* _How to complete this task_
Word for word, copy all the data and drop the pictures.

* _Provided data_
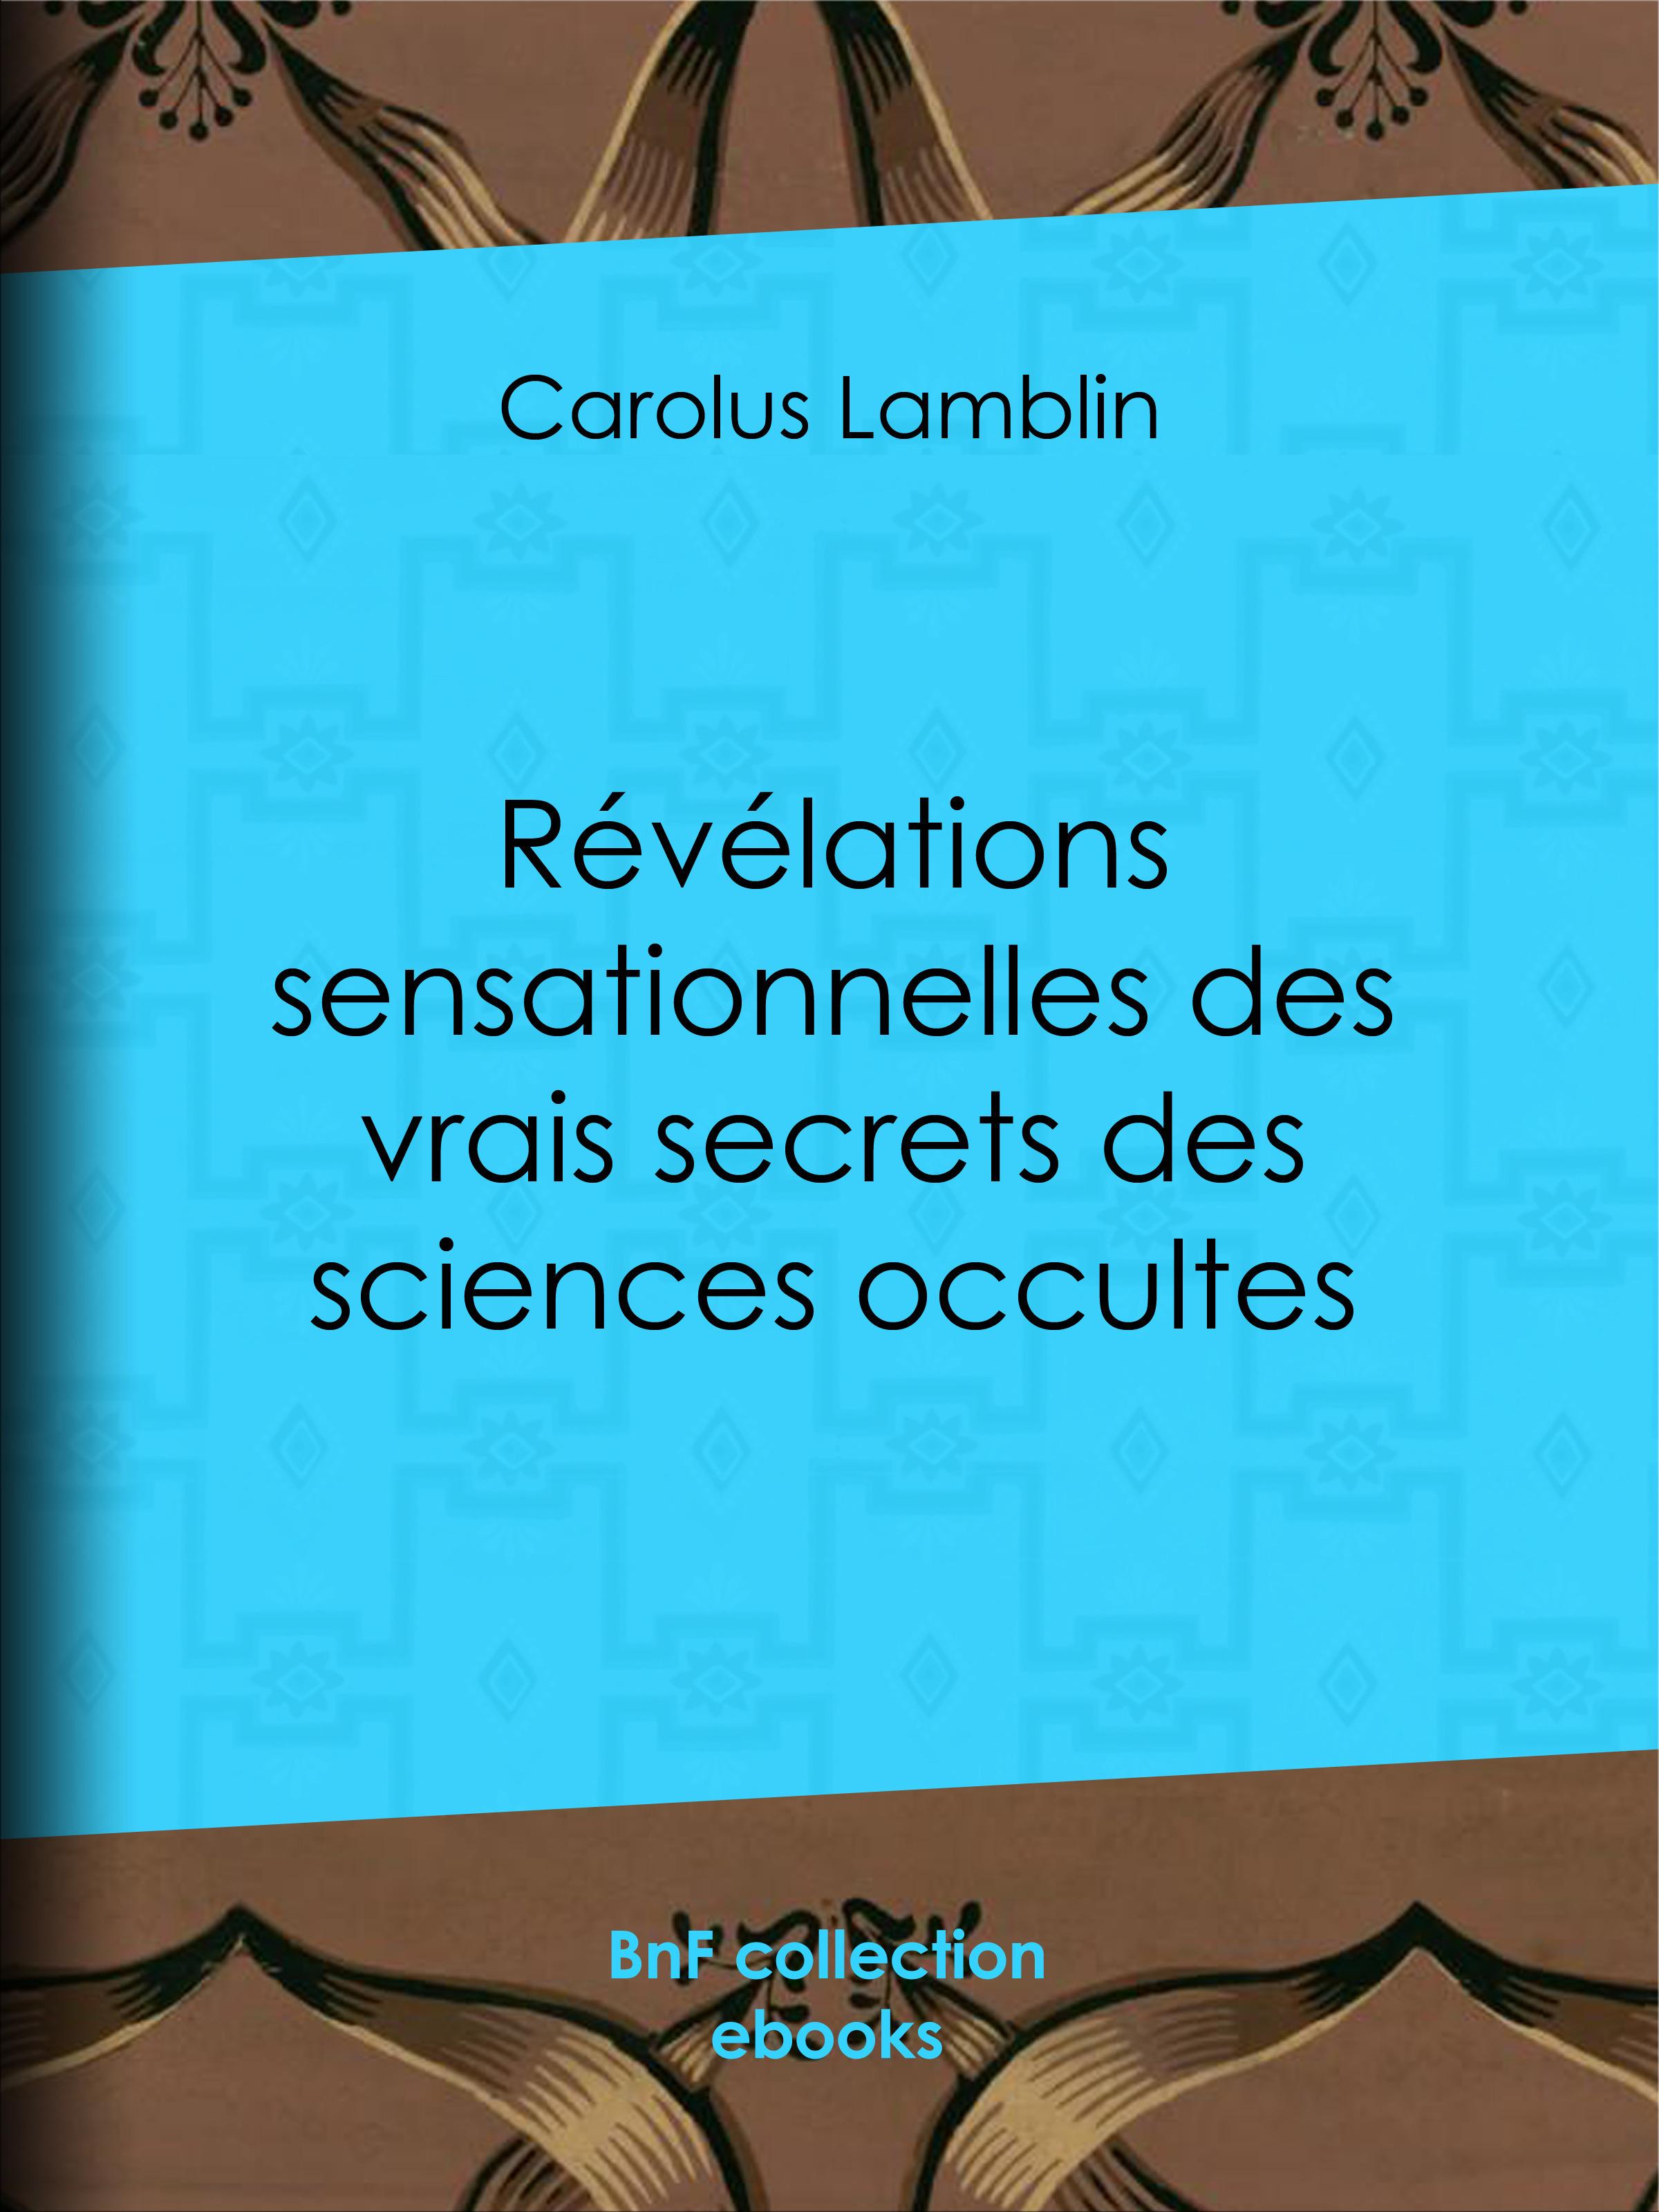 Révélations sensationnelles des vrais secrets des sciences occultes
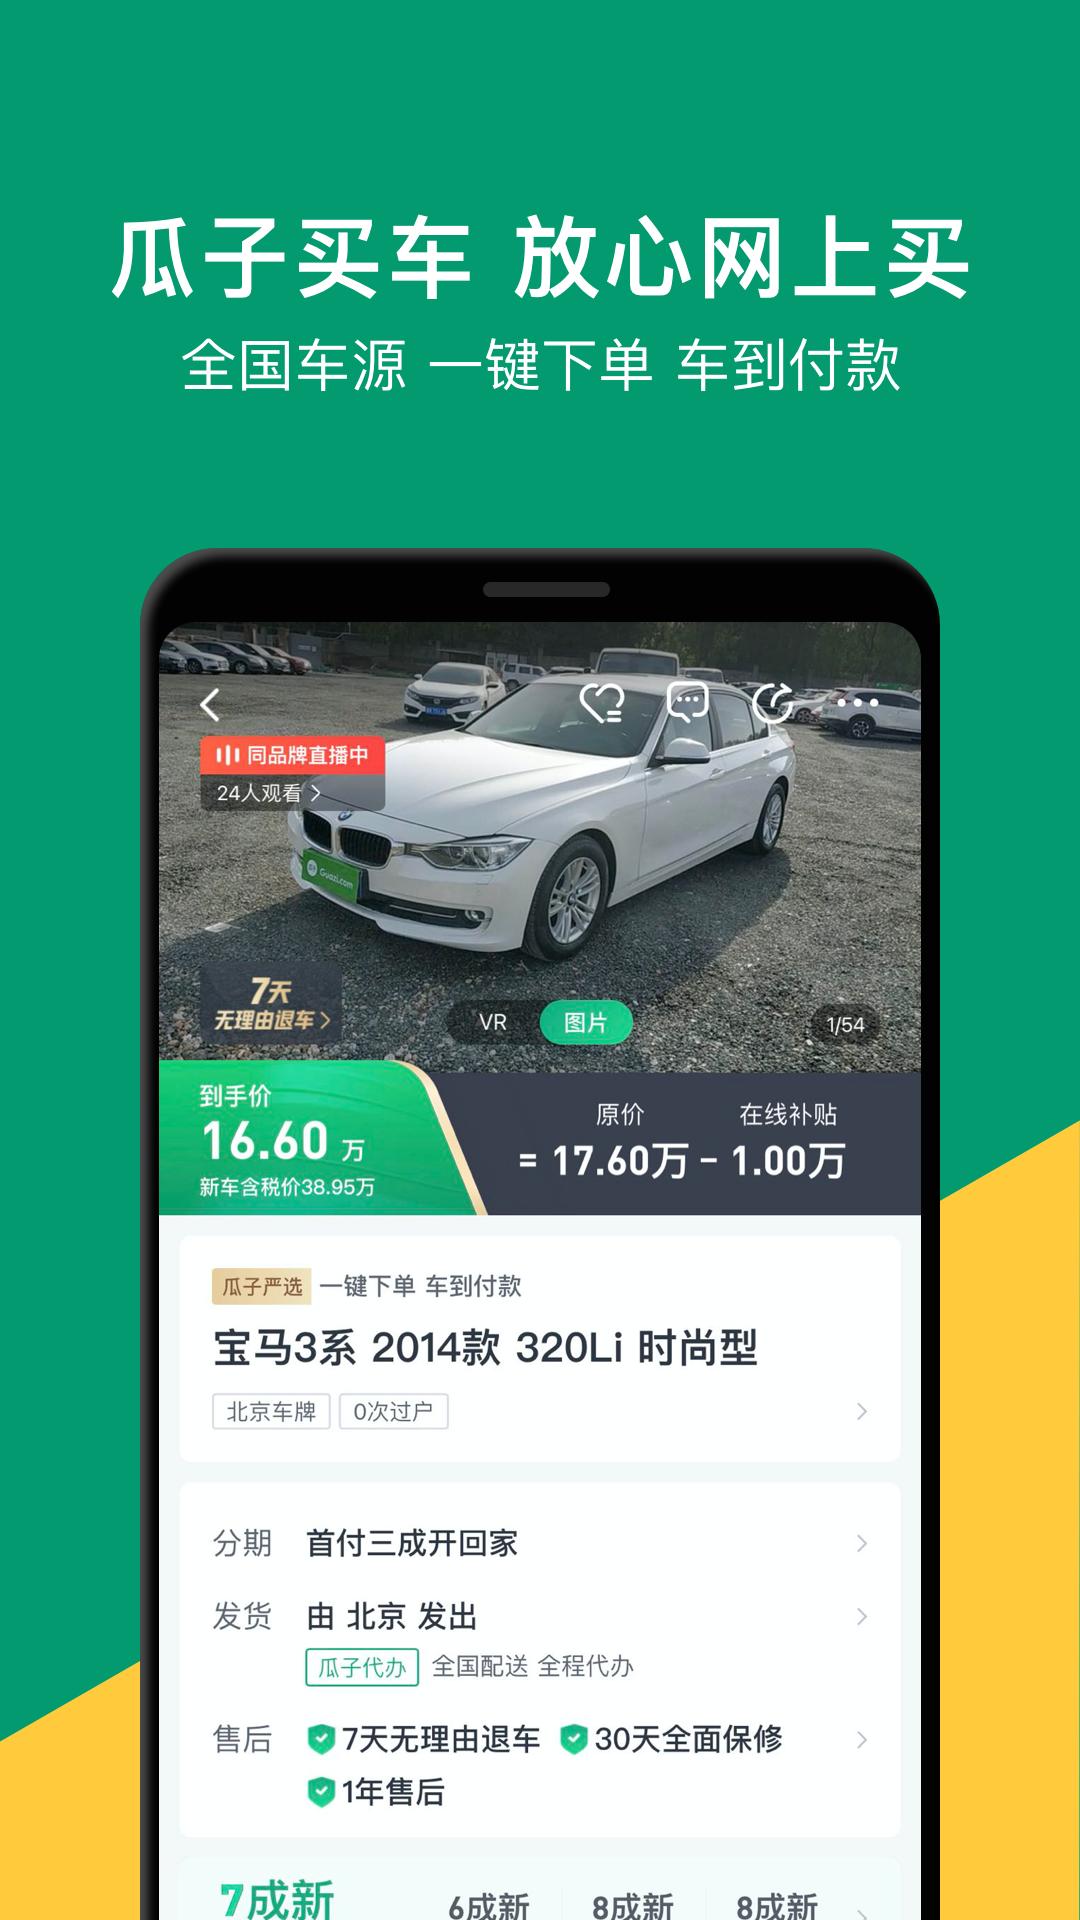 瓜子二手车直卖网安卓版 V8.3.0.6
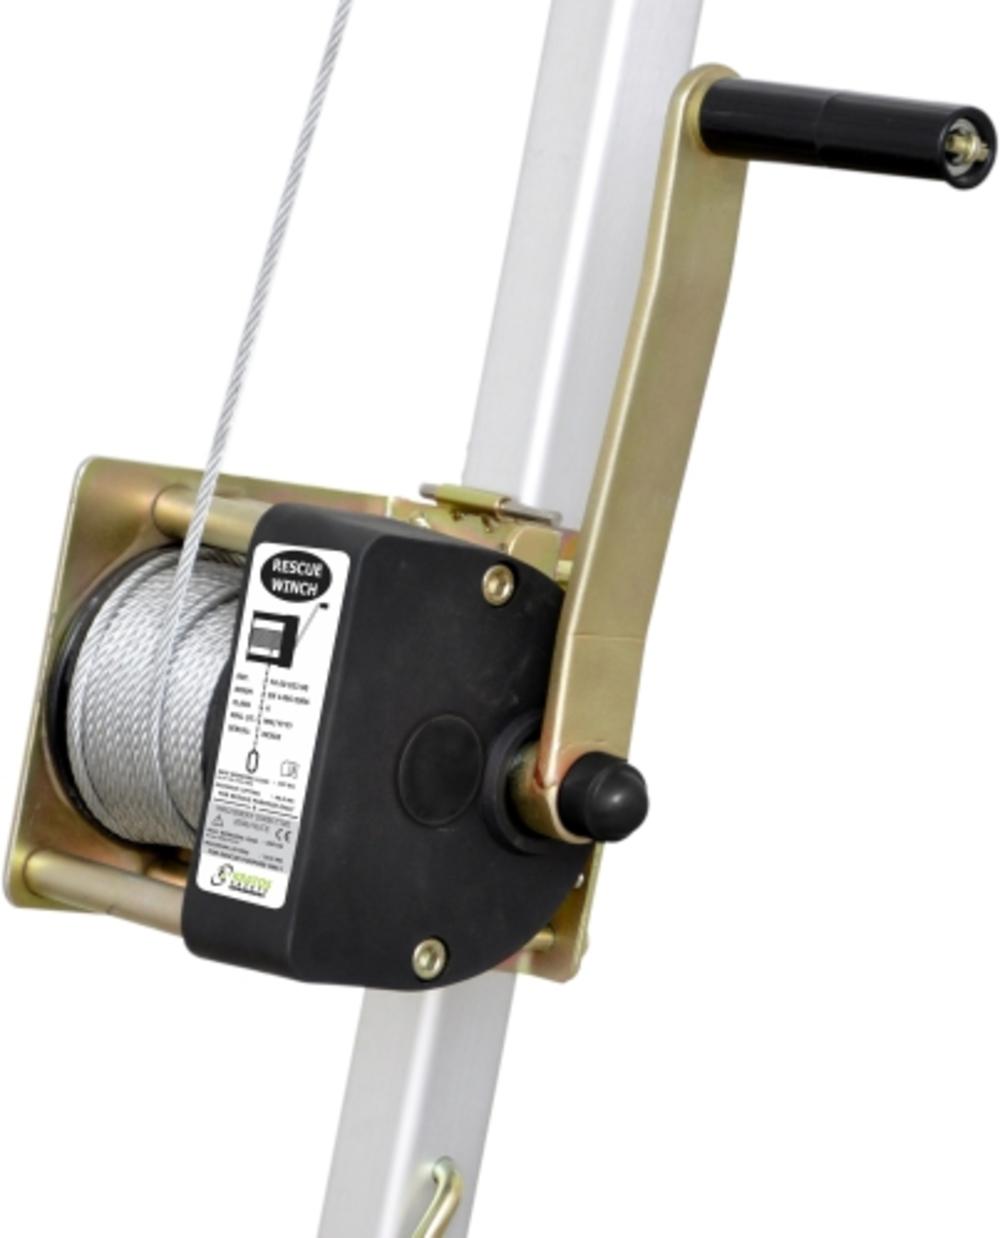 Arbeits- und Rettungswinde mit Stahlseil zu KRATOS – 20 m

* _Written solution_
 Révélations sensationnelles des vrais secrets des sciences occultes
 瓜子二手车直卖网安卓版 V8.3.0.6
 Arbeits- und Rettungswinde mit Stahlseil zu KRATOS – 20 m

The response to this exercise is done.